» Input for this task:
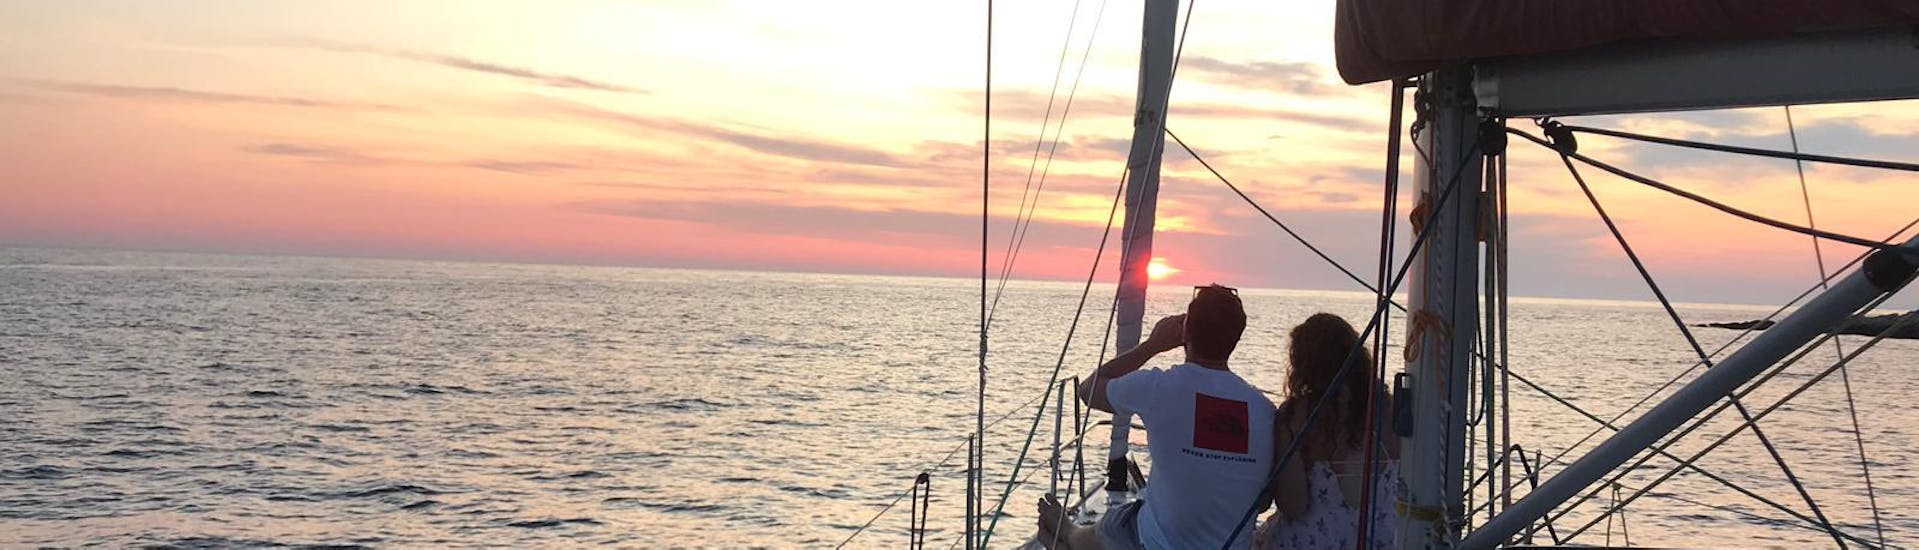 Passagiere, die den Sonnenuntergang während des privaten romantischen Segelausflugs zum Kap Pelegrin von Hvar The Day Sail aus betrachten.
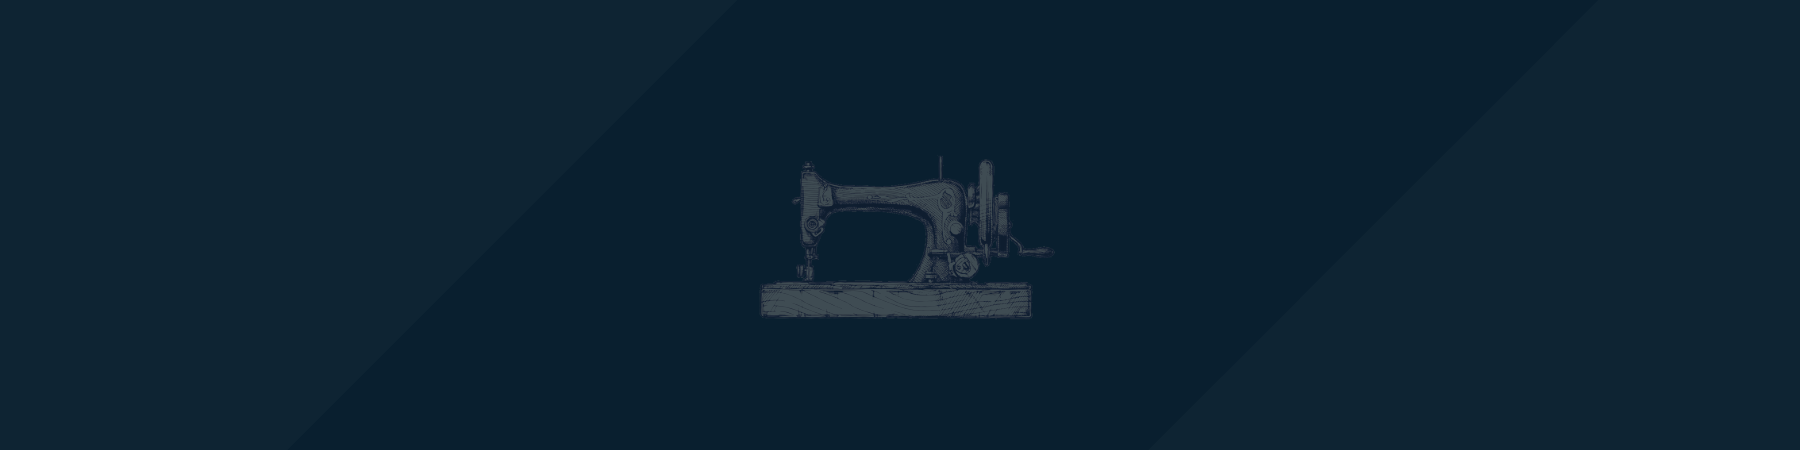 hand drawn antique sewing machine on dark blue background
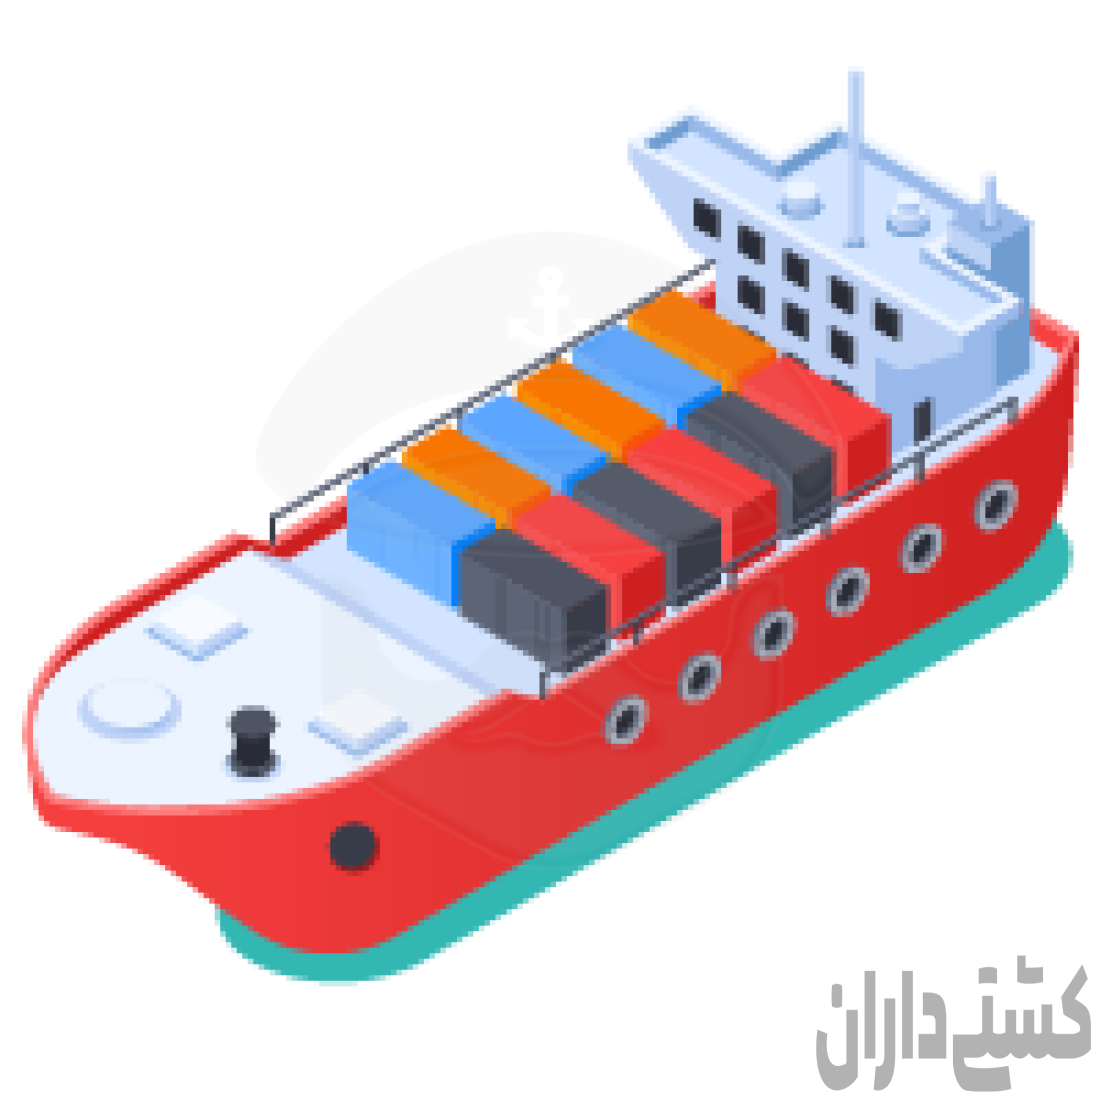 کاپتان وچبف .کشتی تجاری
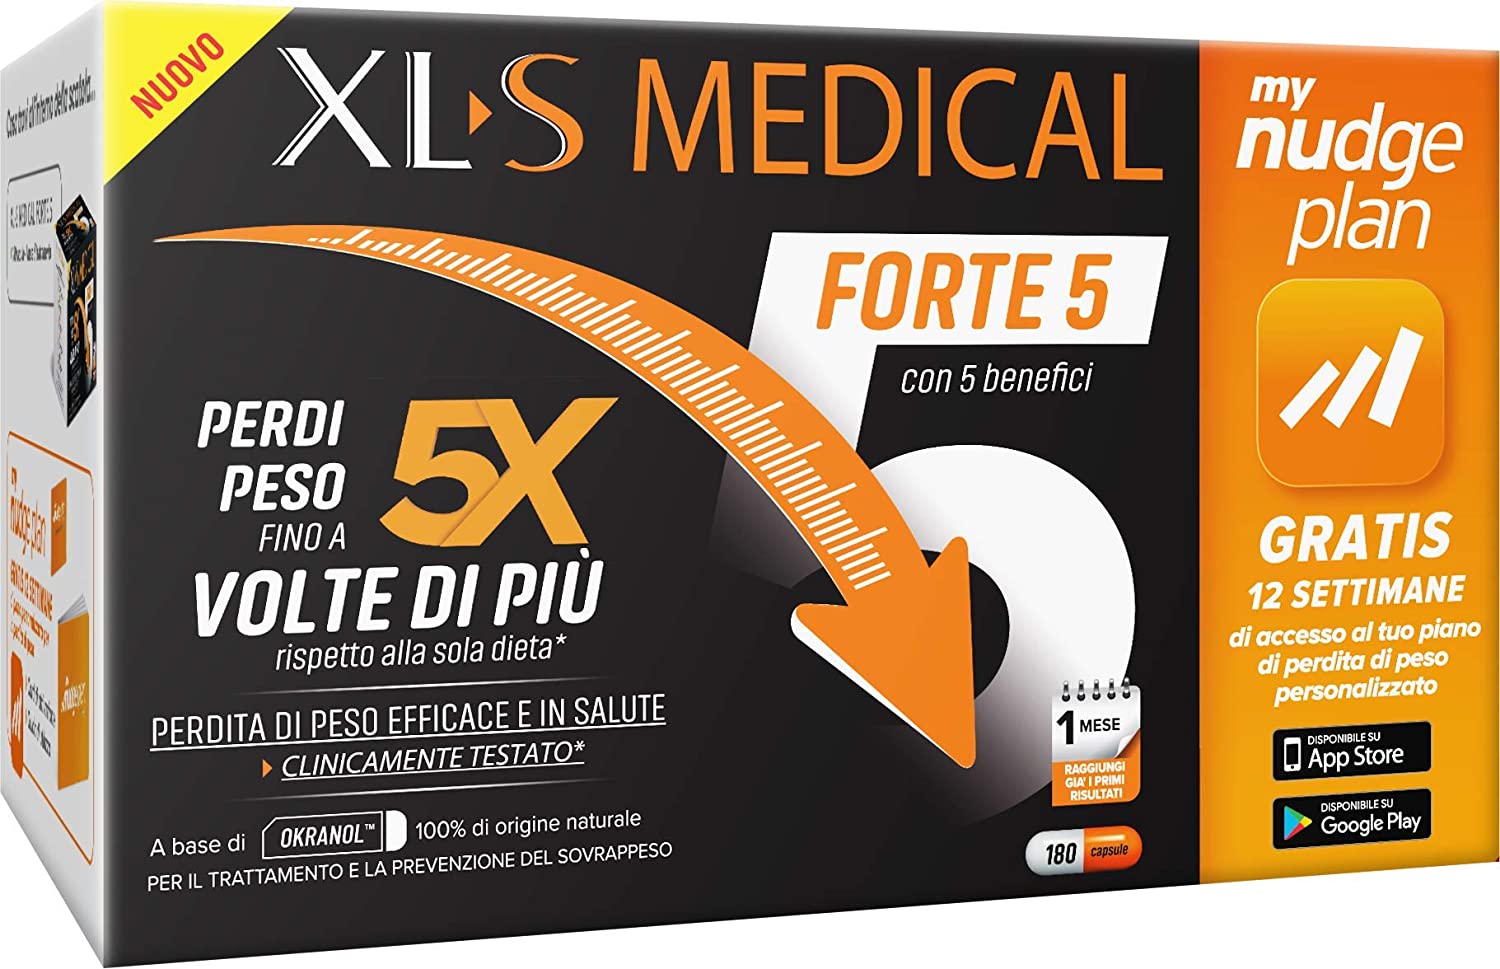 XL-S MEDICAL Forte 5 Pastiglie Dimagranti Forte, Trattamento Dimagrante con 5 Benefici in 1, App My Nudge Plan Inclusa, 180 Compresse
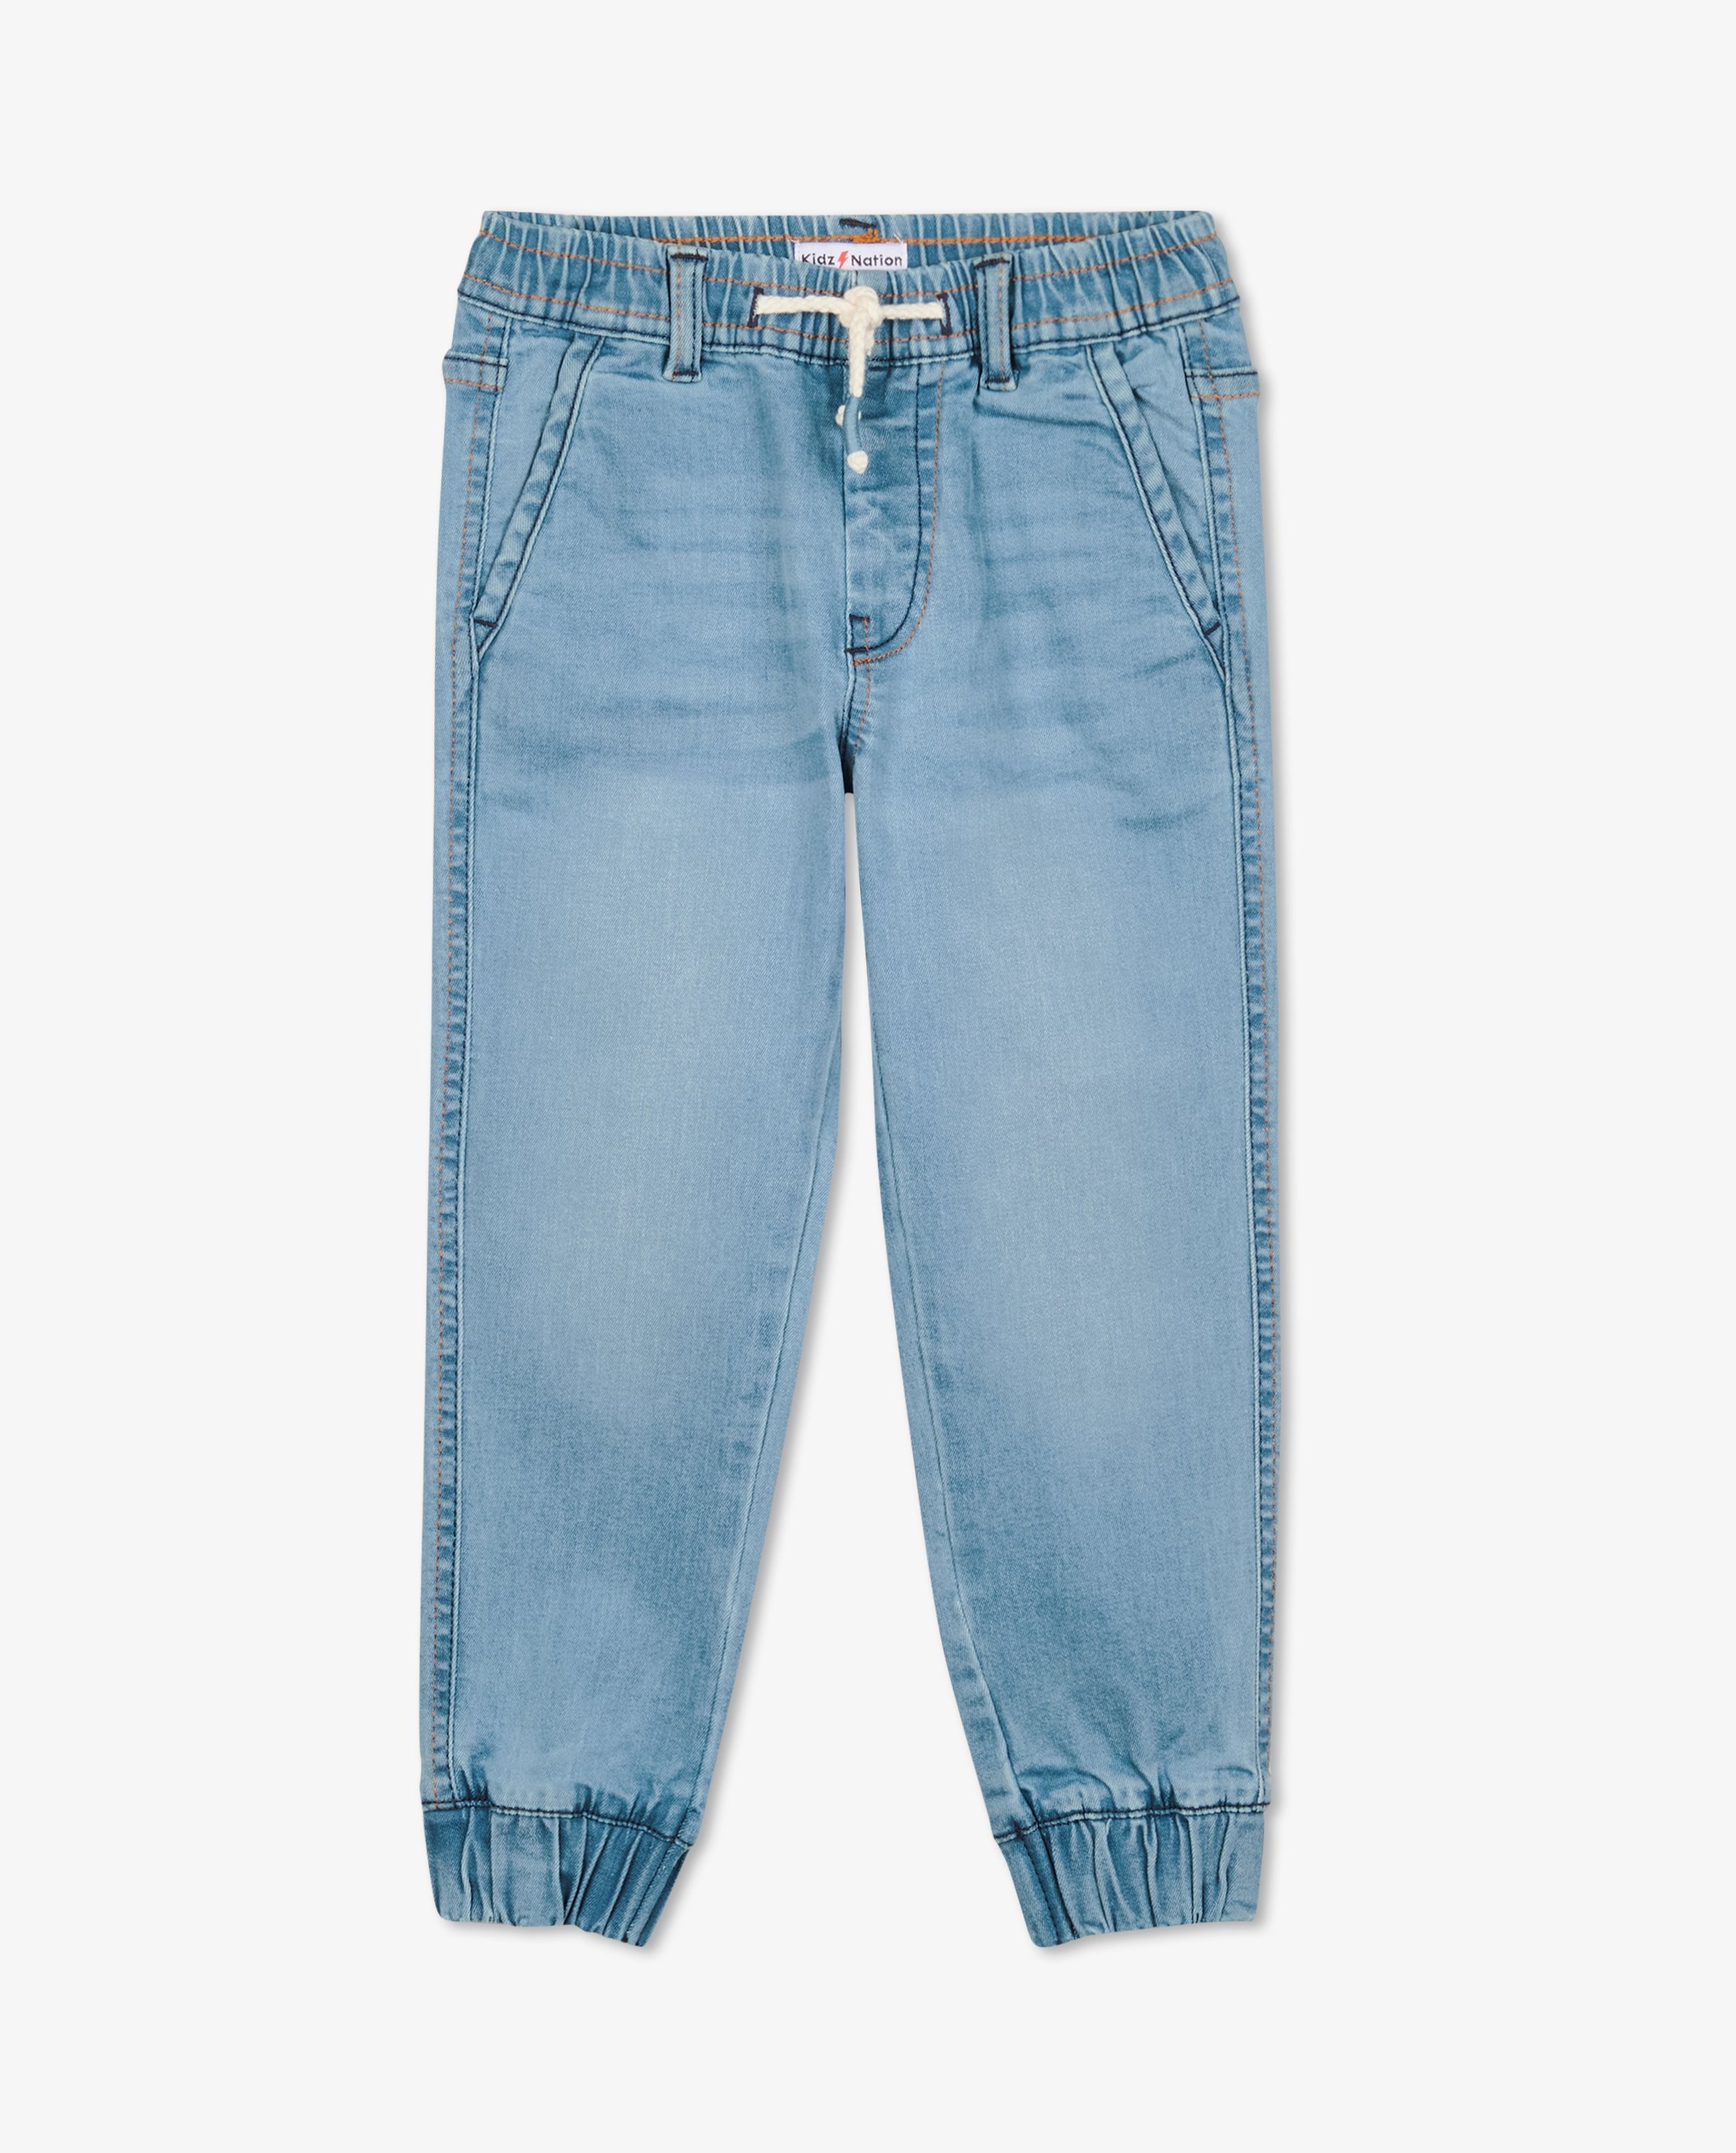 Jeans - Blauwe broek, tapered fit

» Problem statement: Ignoring the pictures, write out word for word the lines from the line containing "hand drawn antique" through the end of the material above.

» Problem solution:
 hand drawn antique sewing machine on dark blue background
 کاپتان وچبف .کشتی تجاری
 XL-S MEDICAL Forte 5 Pastiglie Dimagranti Forte, Trattamento Dimagrante con 5 Benefici in 1, App My Nudge Plan Inclusa, 180 Compresse
 Jeans - Blauwe broek, tapered fit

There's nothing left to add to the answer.